Daniel Ben-Ami sagt wenigstens, was viele nicht zugeben wollen. Denn so geht der Mensch seit jeher mit der Natur um, wenn man mal alle Schönfärberei und Heuchelei beiseite lässt. Und so gesehen, trägt jeder Mensch sein Scherflein zur Abschaffung der Natur bei, der eine mehr, der andere weniger. Die Abschaffung der Natur ist unser großes menschliches Gemeinschaftswerk, und ich denke, wir werden nicht aufhören, bis wir das Ziel erreicht haben.

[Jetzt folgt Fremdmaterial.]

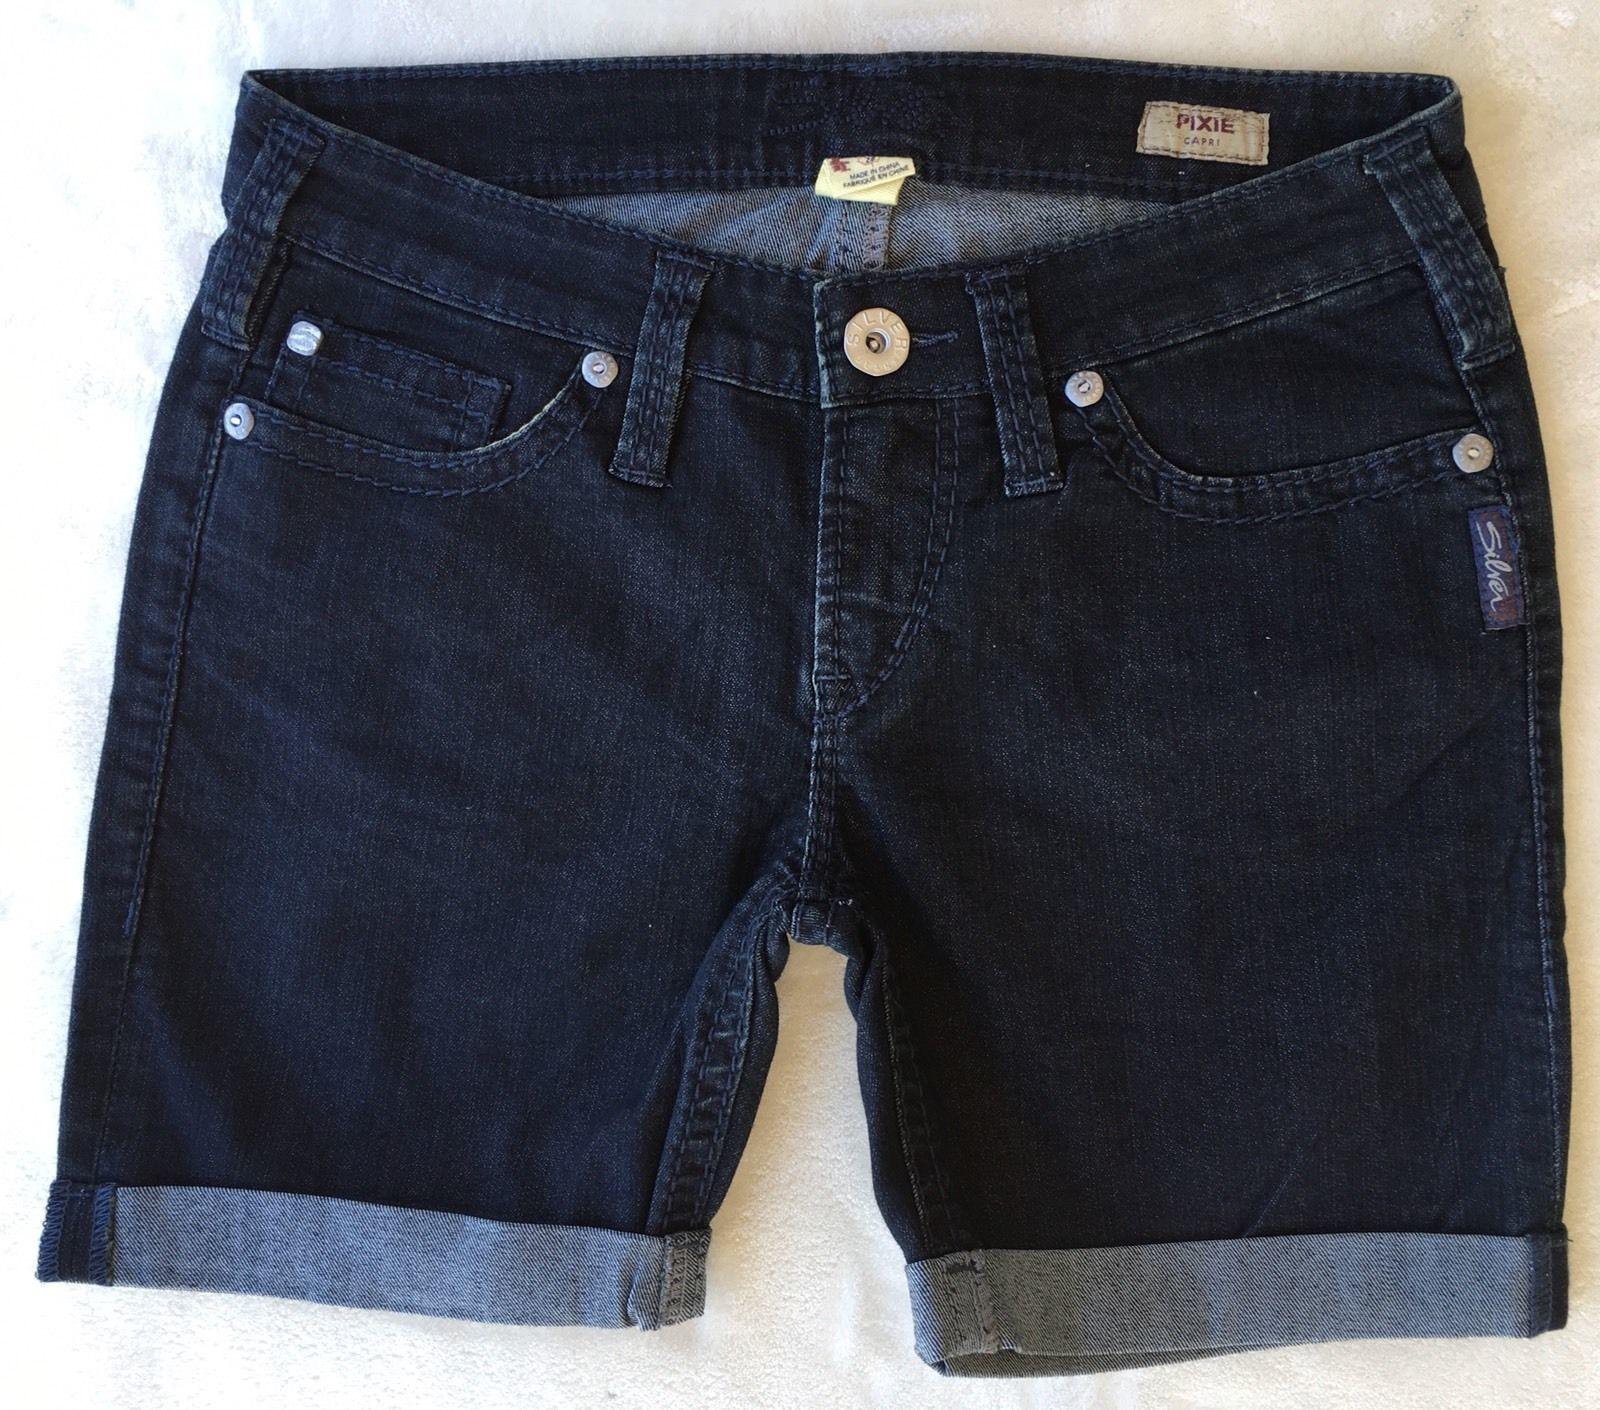 SILVER Jeans Sale Buckle Low Rise Pixie Dark Denim Stretch Jean Mid Shorts 28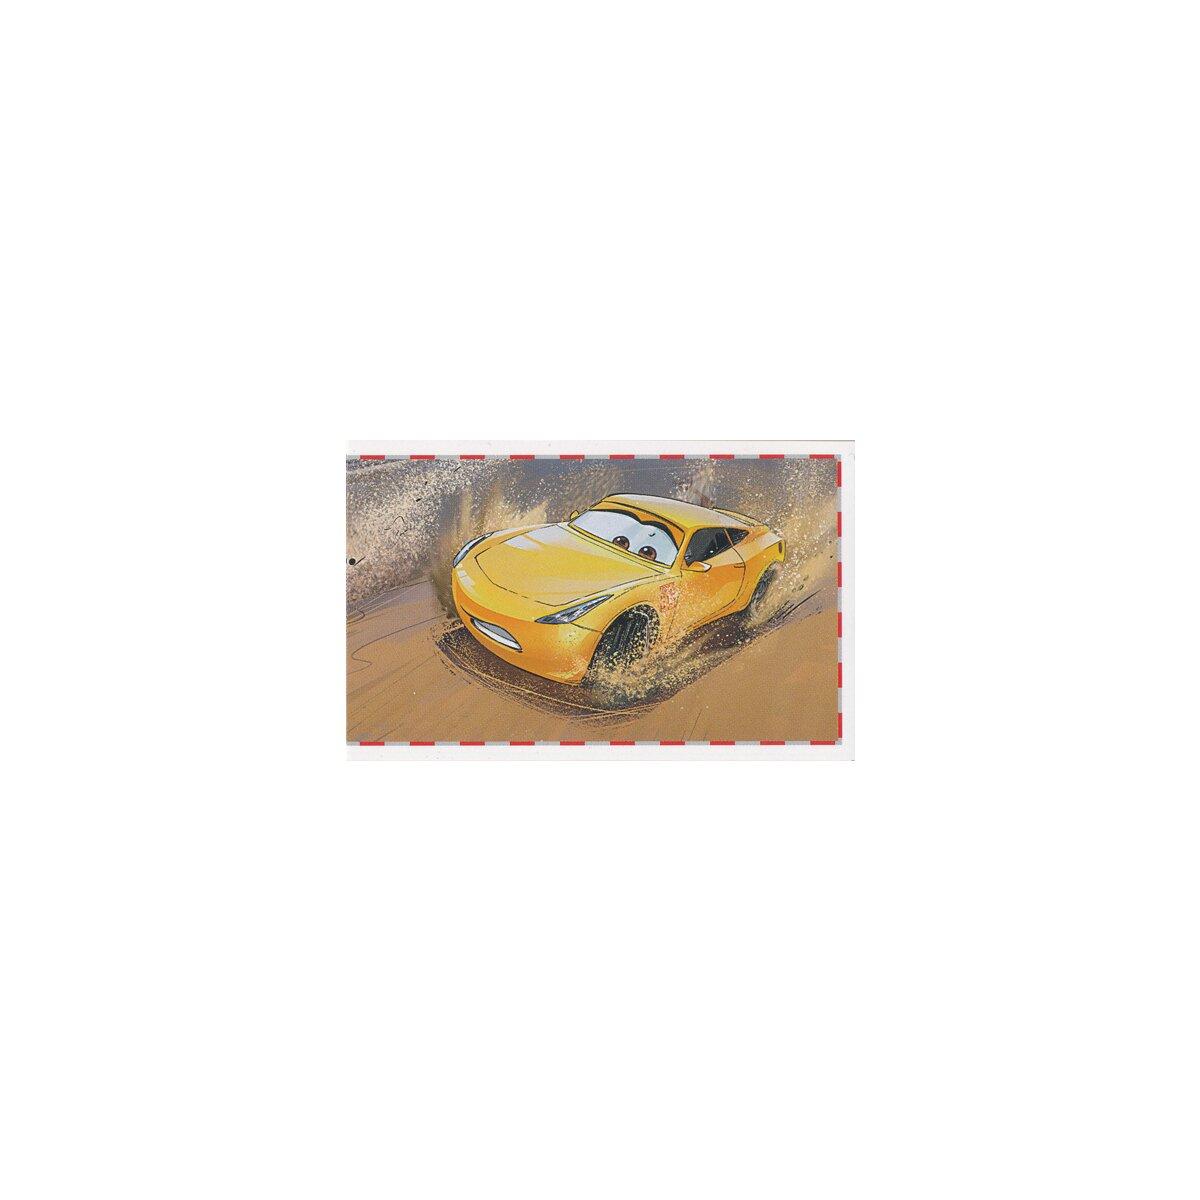 Panini-Cars 3 sammelsticker-Sticker x1

Und da dies so ist, bliebe zu wünschen, der Mensch hätte wenigstens genügend Mumm, zu der von ihm gewollten und in Gang gesetzten Entwicklung zu stehen und die Folgen entsprechend zu tragen statt sich hinter angeblicher Natur- und Tierliebe zu verstecken und angesichts des Artensterbens in Jammergeschrei auszubrechen.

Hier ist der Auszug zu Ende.